Ilmu Mawathin al-Nuzul

Ilmu ini membuktikan tempat-tempat turun ayat, masanya, awalnya, dan akhirnya. Di antara kitab yang mengulas ilmu ini yaitu Al-Itqan fi ‘Ulum al-Qur’an karya Al-Suyuthi.

Ilmu Tawarikh al-Nuzul

Ilmu ini membuktikan masa turun ayat dan urutan turunnya satu persatu, dari permulaan turunnya hingga hasilnya serta urutan turun surah dengan sempurna.

Baca Juga: Ayat Kursi

Ilmu Asbab al-Nuzul

Ilmu ini membuktikan sebab-sebab turun ayat. Di antara kitab yang penting dalam hal ini yaitu kitab Lubab al-Nuqul karya Al-Suyuthi. Namun, perlu diingat bahwa banyak riwayat dalam kitab ini yang tidak sahih.

Ilmu Qiraat

ilmu ini membuktikan bentuk-bentuk bacaan Al-Qur’an yang sudah diterima dari Rasul SAW. Ada sepuluh qiraat yang sah dengan beberapa macam pula yang tidak sah. Tulisan Al-Qur’an yang beredar di Indonesia yaitu berdasarkan qiraat Hafsh, salah satu qiraat yang tujuh.
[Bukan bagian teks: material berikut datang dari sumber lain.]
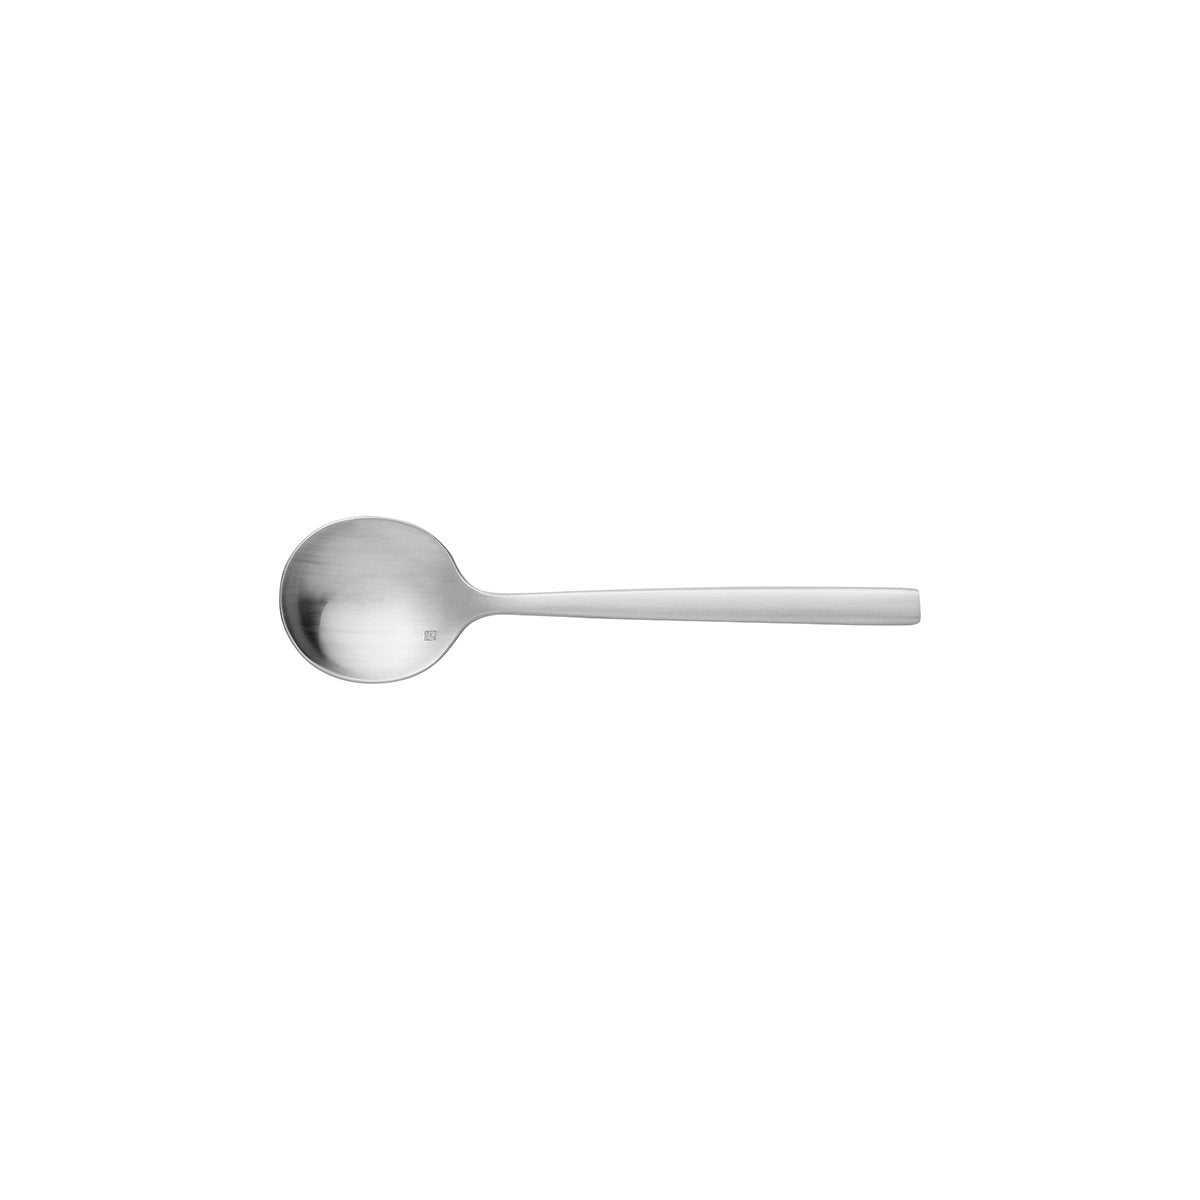 Soup Spoon - Titan Arezzo Brushed from Fortessa. made out of Stainless Steel and sold in boxes of 12. Hospitality quality at wholesale price with The Flying Fork!

Kitab yang paling baik untuk mempelajari ilmu ini yaitu Al-Nasyr fi al-Qiraat al-‘Asyr karangan

Imam Ibn al-jazari

Ilmu Tajwid Ilmu ini membuktikan cara membaca Al-Qur’an dengan baik. Ilmu ini membuktikan di mana daerah memulai, berhenti, bacaan yang panjang dan yang pendek, dan sebagainya.

Ilmu Gharib al-Quran

Ilmu ini membuktikan makna kata-kata yang ganjil dan tidak terdapat dalam engkaus-engkaus bahasa Arab yang biasa atau tidak terdapat dalam percakapan sehari-hari. Ilmu ini berartti membuktikan makna kata-kata yang pelik dan tinggi. Di antara kitab penting dalam ilmu ini yaitu Al-Mufradat li Alfas al-Qur’an al-Karim karangan Al-Raghib al-Ashfahani. Kitab menyerupai ini sangat penting bagi seorang mufassir atau penerjemah Al-Qur’an.

Ilmu I’rab al-Quran

Ilmu ini menerangan baris kata-kata Al-Qur’an dan kedudukannya dalam susunan kalimat. Di antara kitab penting dalam ilmu ini yaitu Imla al-Rahman karangan Abd al-Baqa al-Ukbari.

Ilmu Wujuh wa al-Nazair

Ilmu ini membuktikan kata-kata Al-Qur’an yang mengandung banyak arti dan membuktikan makna yang dimaksud pada daerah tertentu. Ilmu ini sanggup dipelajari dalam kitab Mu’tarak al-Aqran karangan Al-Suyuthi.
Ilmu Ma’rifah al-Muhkam wa al-Mutasyabih Ilmu ini membuktikan ayat-ayat yang dipandang muhkam (jelas maknanya ) dan yang mutasyabih (samar maknanya, perlu ditakwil). Salah satu kitab menyangkut ilmu ini ialah al-Manzumah al-Sakhawiah karangan al-Sakhawi.

Ilmu Nasikh wa al-Mansukh

Ilmu ini membuktikan ayat-ayat yng dianggap mansukh (yang dihapuskan) oleh sebagian para mufassir. Di anatara kitab-kitab yang mengulas hal ini ialah Al-Nasikh wa al-Mansukh karangan bubuk Ja’faral al-Nahhas, Al-Itqan karangan Al-suyuthi, Tarikh Tasyri dan Ushul al-Fiqh karangan Al-Khudhari.